◆ **Prompt**: Line by line, the data below should be set down unchanged, with images excluded.

◆ **Data excerpt**:
....

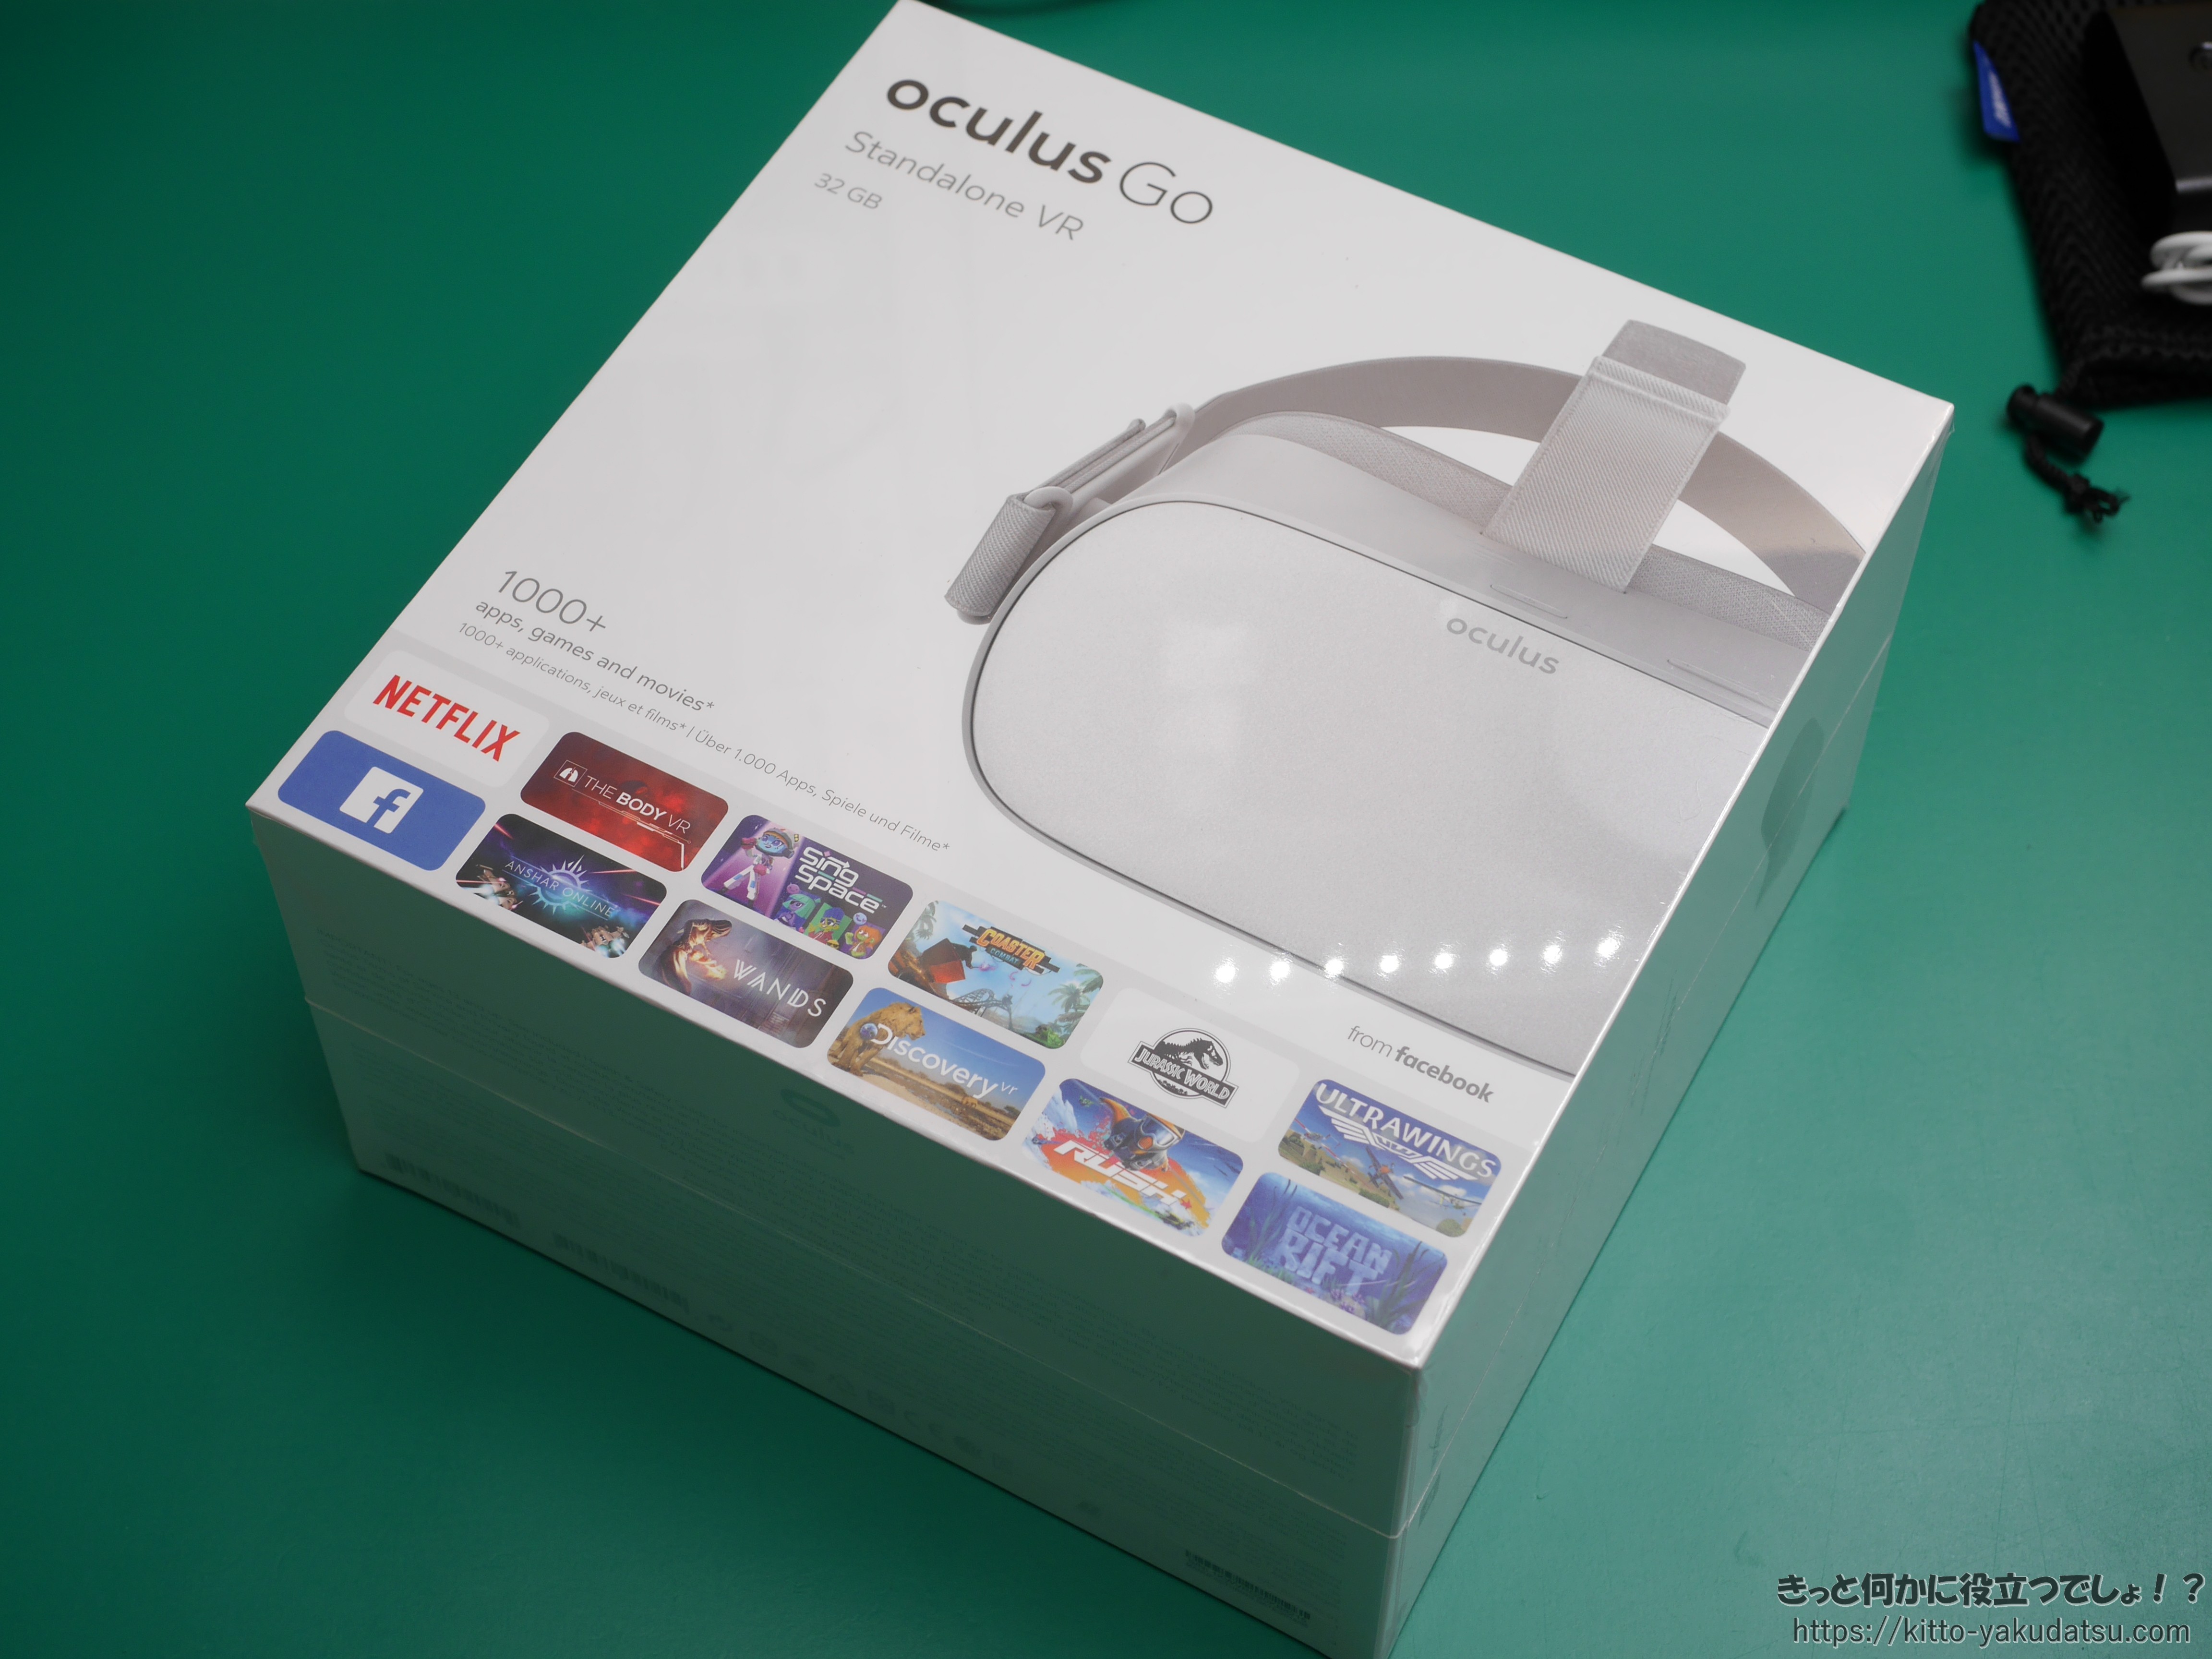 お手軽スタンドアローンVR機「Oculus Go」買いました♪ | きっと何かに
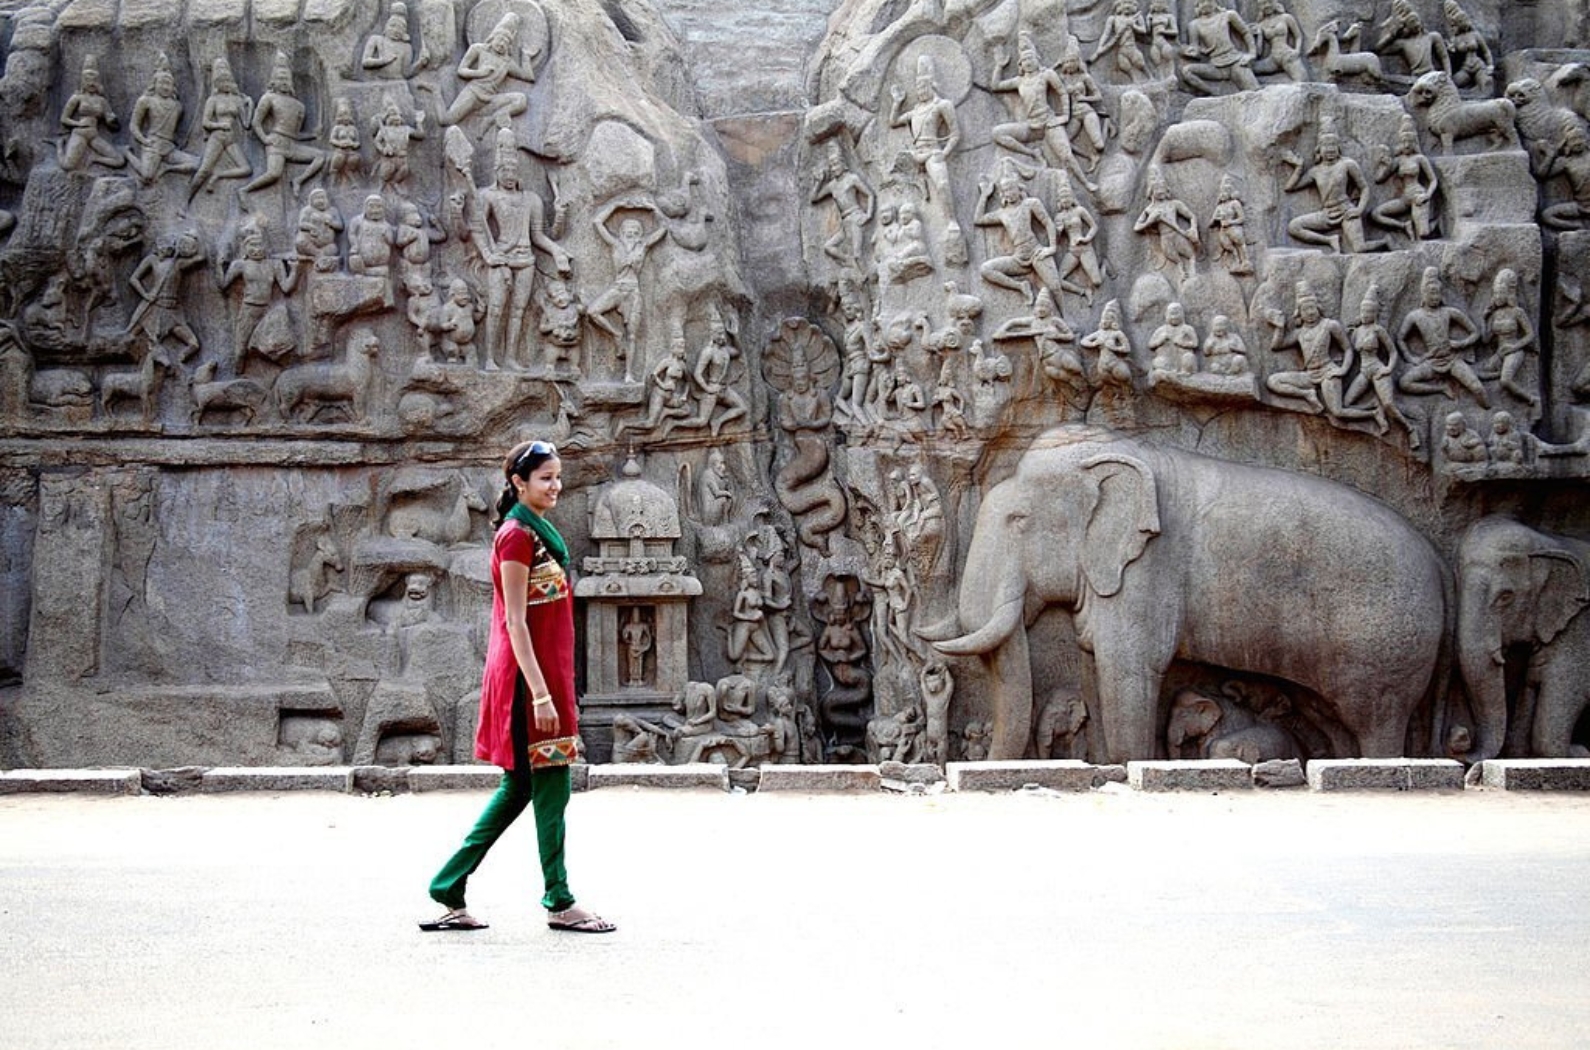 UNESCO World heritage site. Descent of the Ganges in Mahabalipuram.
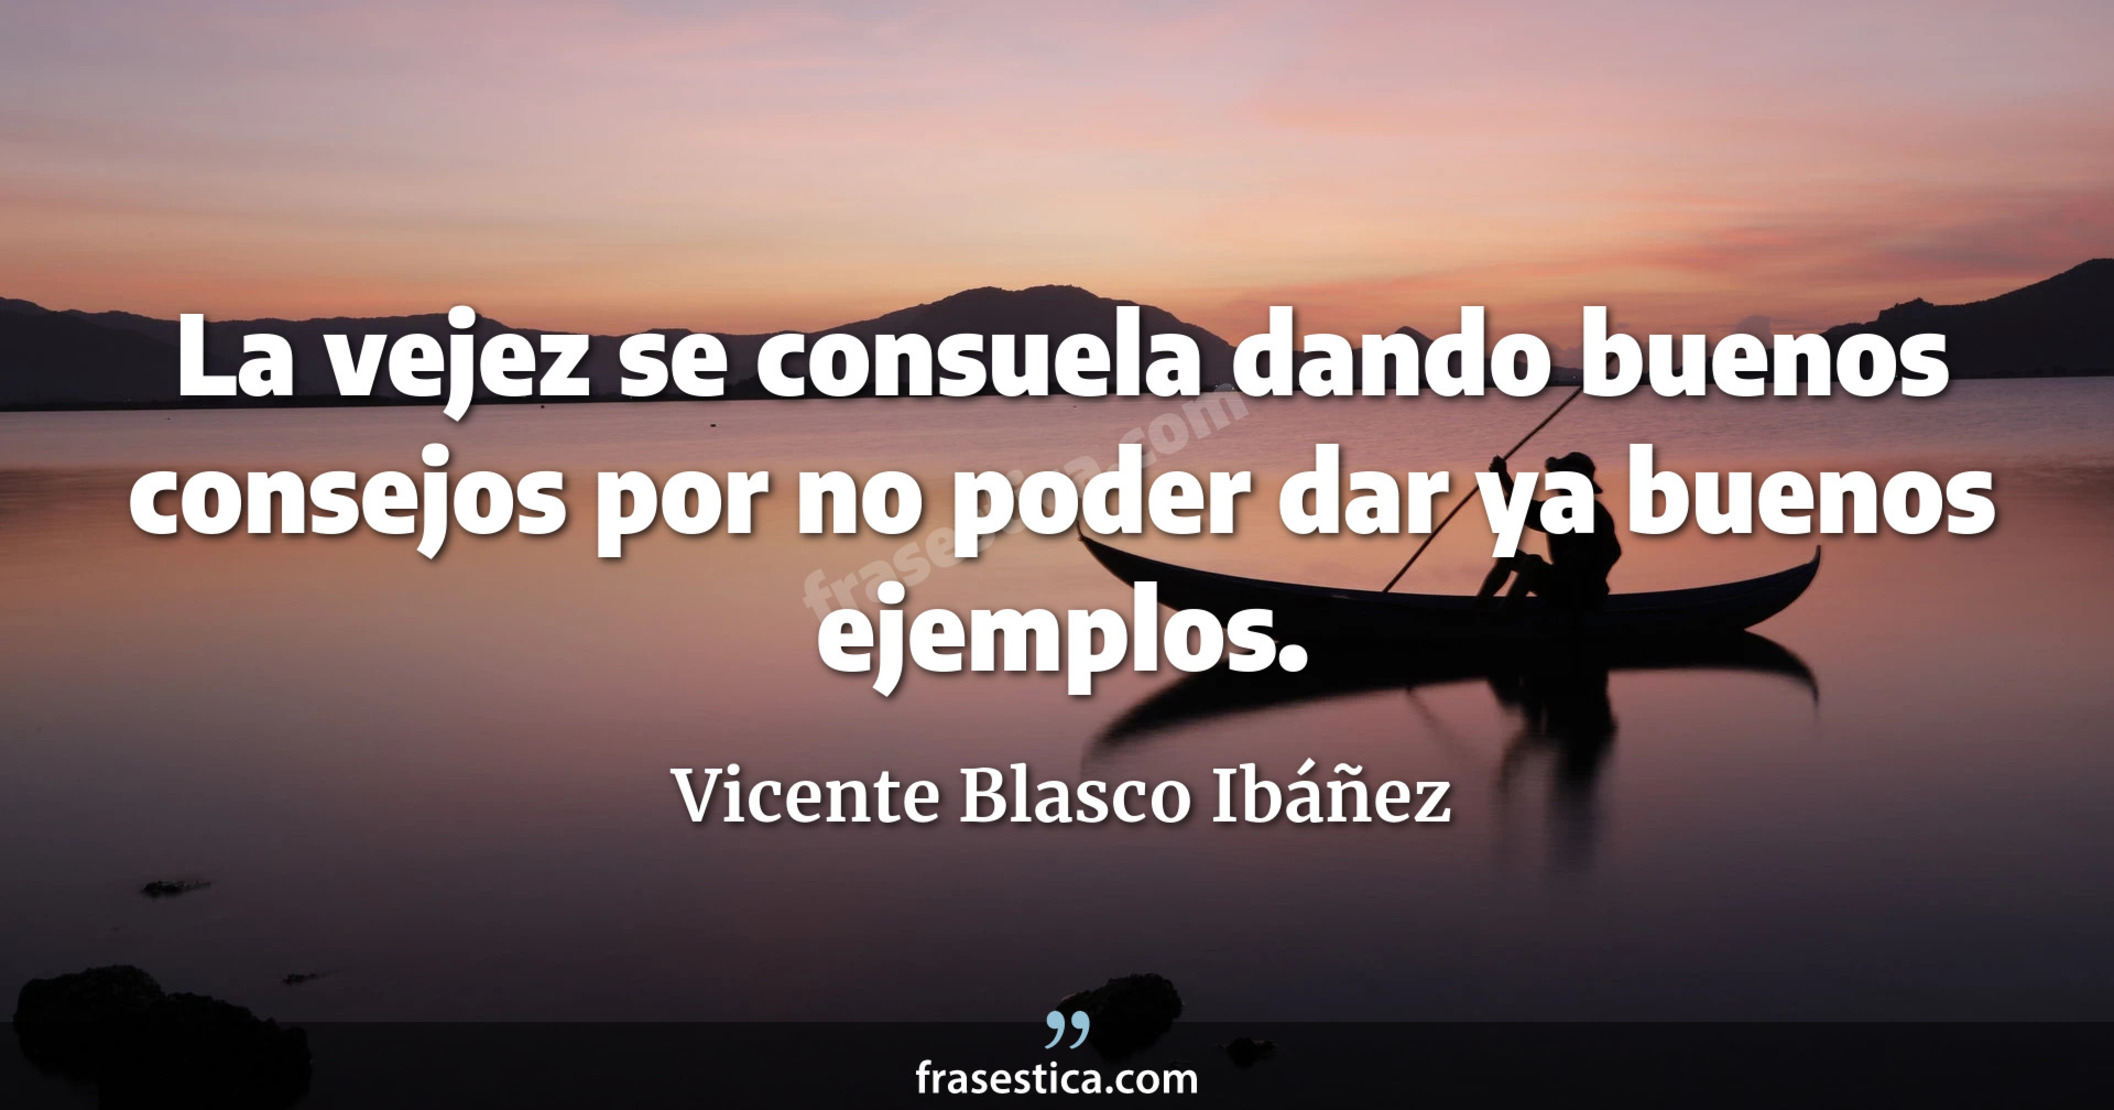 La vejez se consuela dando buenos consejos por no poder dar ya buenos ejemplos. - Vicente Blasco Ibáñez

....

◆ **Written solution**:
 お手軽スタンドアローンVR機「Oculus Go」買いました♪ | きっと何かに
 UNESCO World heritage site. Descent of the Ganges in Mahabalipuram.
 La vejez se consuela dando buenos consejos por no poder dar ya buenos ejemplos. - Vicente Blasco Ibáñez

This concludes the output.